An extraordinary shareholder meeting is expected to vote in favour of scrapping bylaws that say only Monte dei Paschi’s top investor - a charitable foundation with links to local politicians - can hold more than 4 percent of the lender.
The move comes ahead of a planned 1 billion euro ($1.3 billion) capital increase due to be launched next year and aimed at new investors to help reimburse a 4.1 billion euro state bailout the lender was forced to take earlier this year.
It also marks a watershed for Italy’s third biggest bank, known as “Daddy Monte” in its medieval hometown of Siena, making it potentially vulnerable to a takeover for the first time in its five centuries of history.
On Monday, the Monte dei Paschi foundation, which has a 33.5 percent stake in the lender, said it would vote in favour of the ownership changes at Thursday’s shareholder meeting, meaning they are certain to pass.
Monte dei Paschi, founded in 1472, is at the centre of a high-profile investigation into risky derivative trades and has been the only Italian bank to need state aid to shore up its strained capital base.
Chairman Alessandro Profumo, appointed last year to turn the bank’s fortunes around, has said scrapping the ownership ceiling is needed to win approval for the bailout by the European Commission and ensure the planned cash call will be successful.
Small shareholders, however, fear the bank, which is the biggest employer in Siena, could fall prey to unwanted suitors.
“At current market prices, with 1 billion euros you can buy 40 percent of the bank,” Romolo Semplici, head of a group of small shareholders, told Reuters.

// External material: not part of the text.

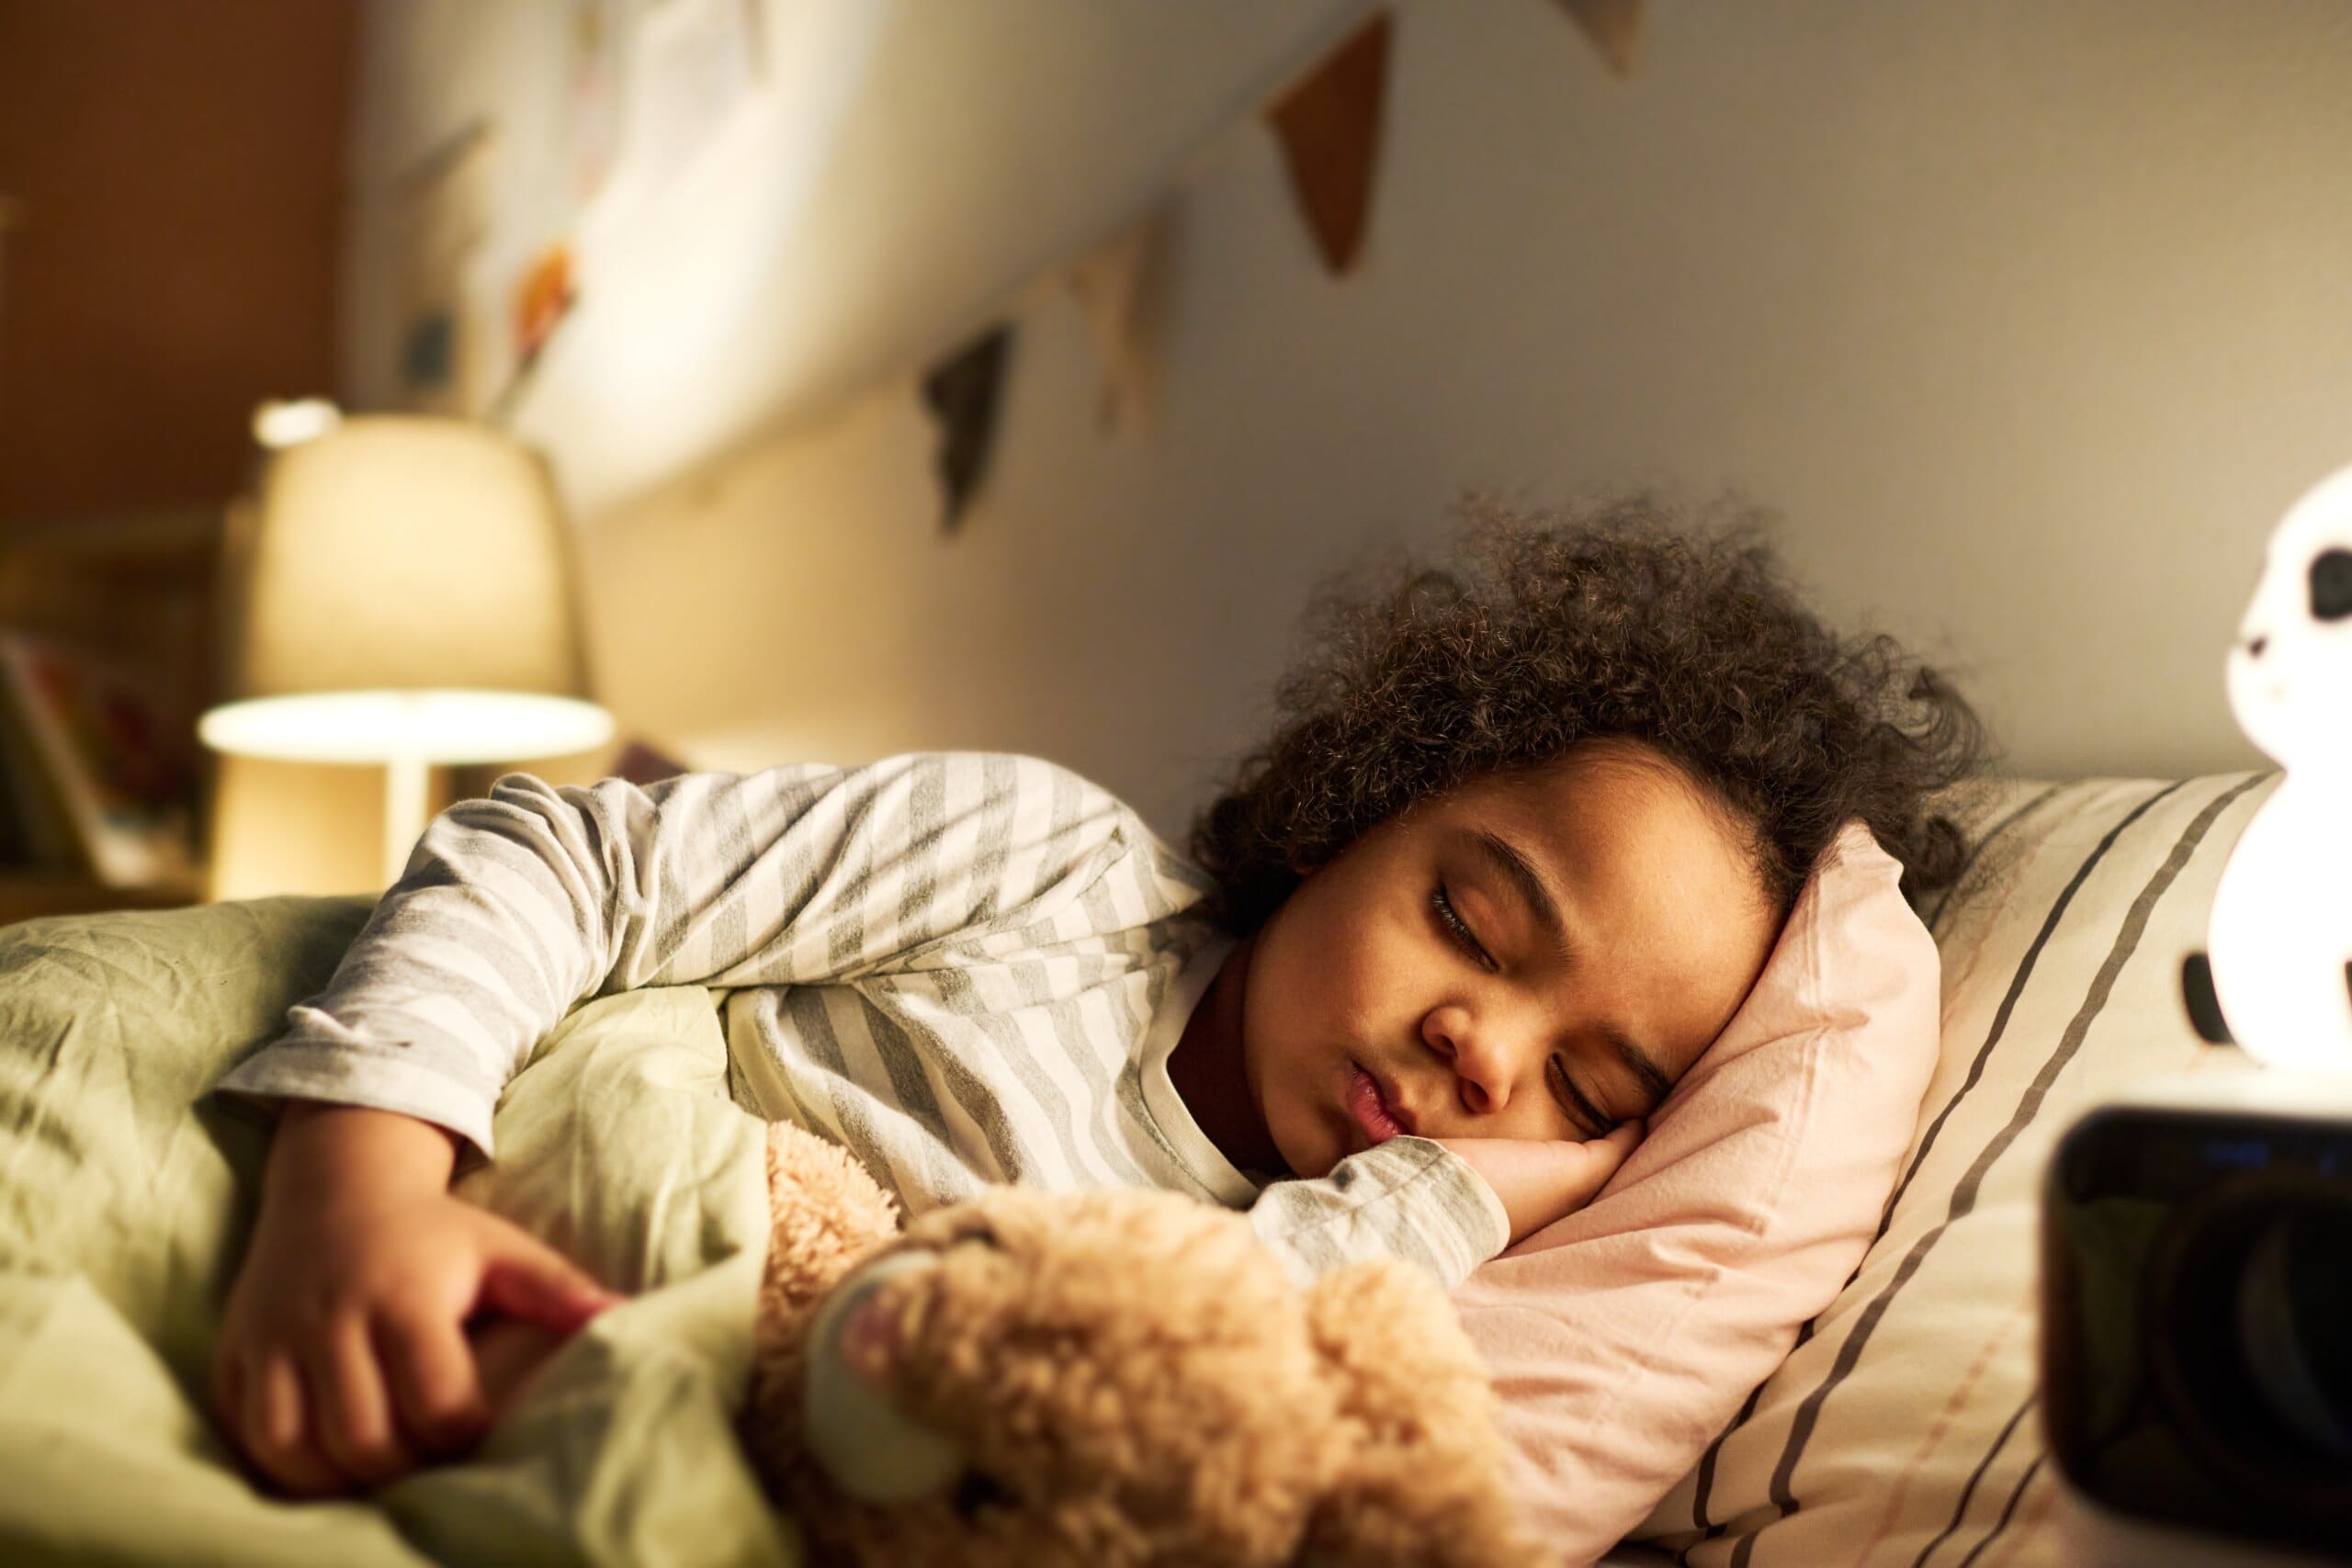 Small child asleep cuddling a teddy bear in bed.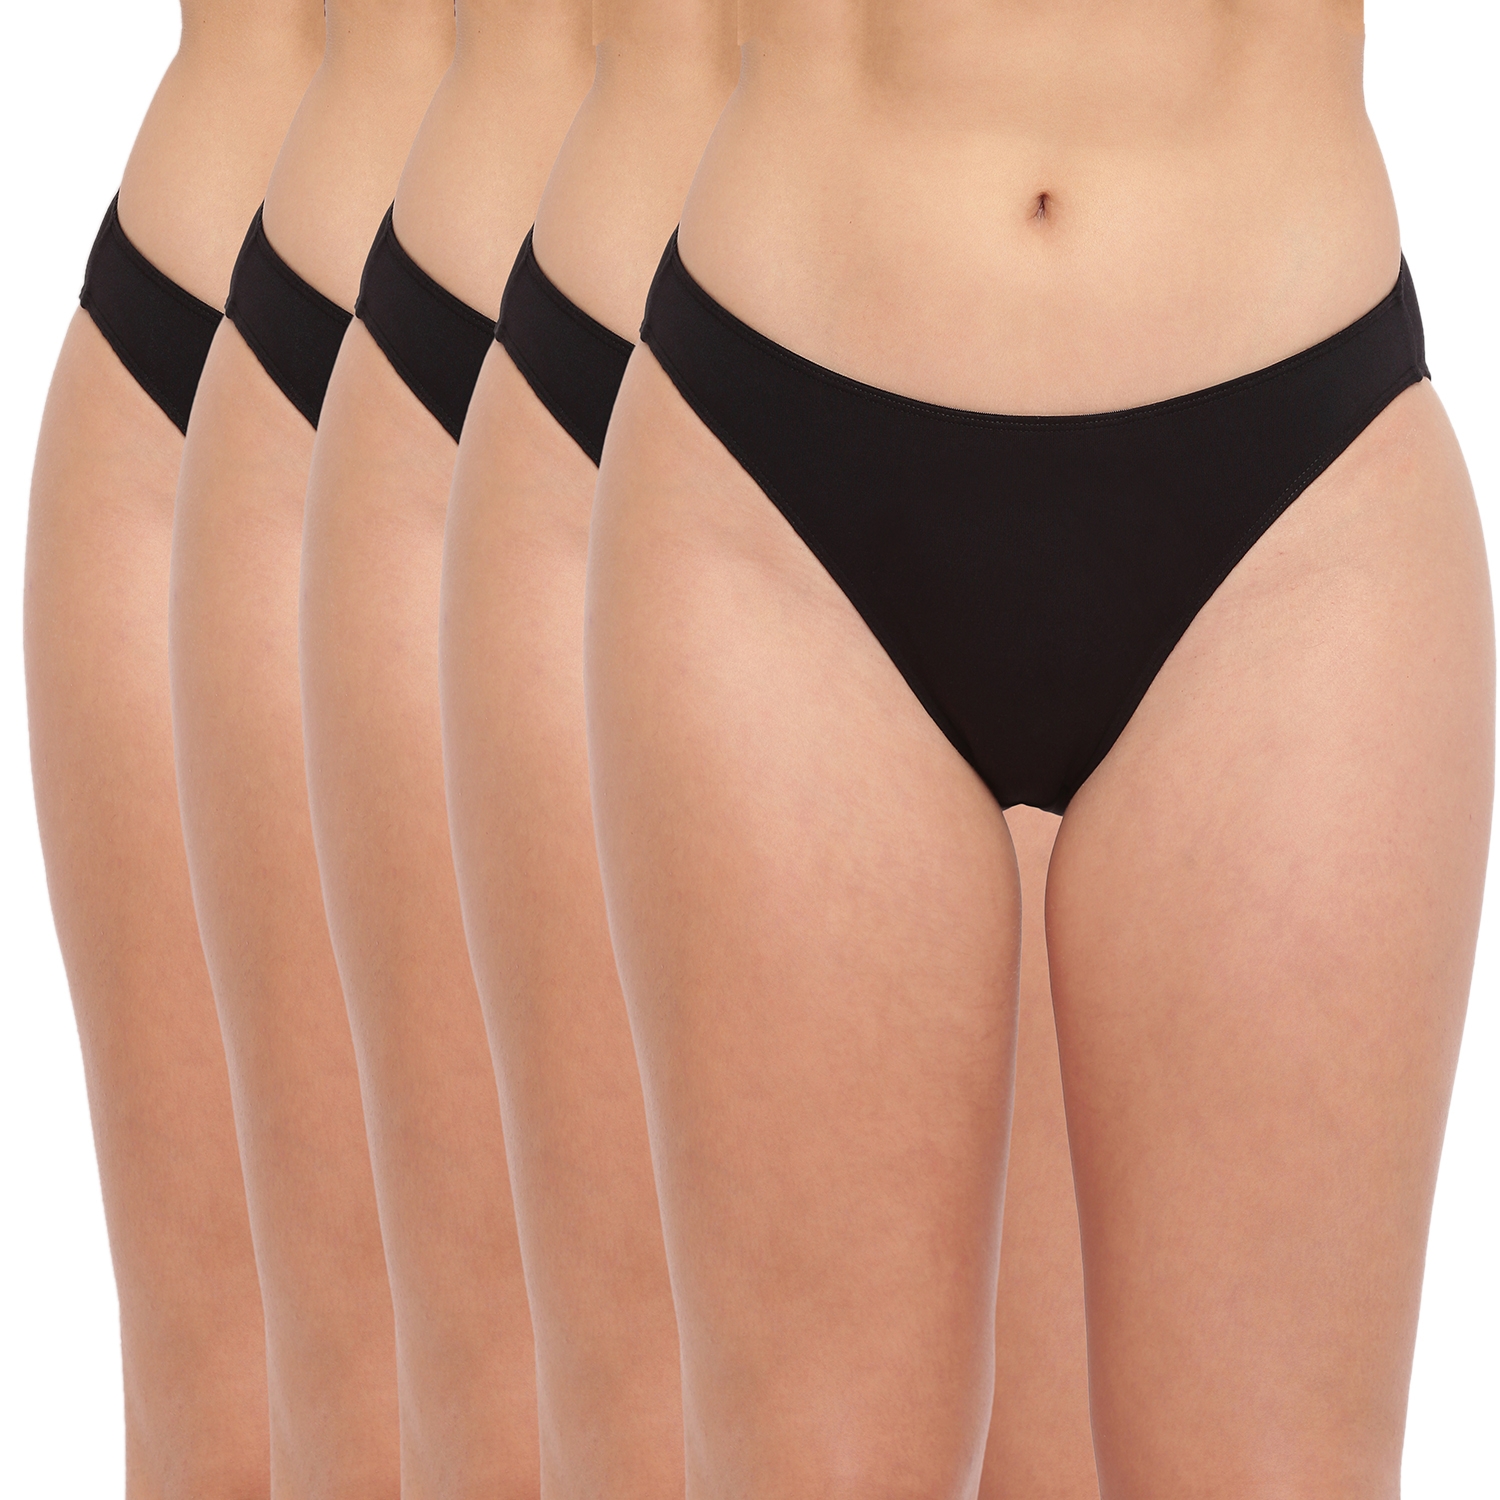 BASIICS by La Intimo | Black Glamo Rise High Leg Bikini Panty - Pack of 5

“We feel management is giving potential bidders a chance to put a gun to our head in the future and do what they want, fire people and perhaps even move the bank away from Siena,” he said.
Chief Executive Fabrizio Viola said on Tuesday there were no contacts with potential new investors yet.
Until now, the 4 percent stake limit had helped the Monte dei Paschi foundation keep a tight grip on the bank.
But as the lender ran into trouble during the euro zone’s debt crisis, so did the foundation, which accumulated huge debts to fund two capital increases at the bank in 2008 and 2011.
Last year the cash-strapped foundation, which only two years ago owned more than 50 percent of the bank, began cutting down its holding to pay back creditors.
It still has a big enough stake to have a blocking minority at shareholder meetings, although it faces further dilution of its stake when the next capital increase is carried out.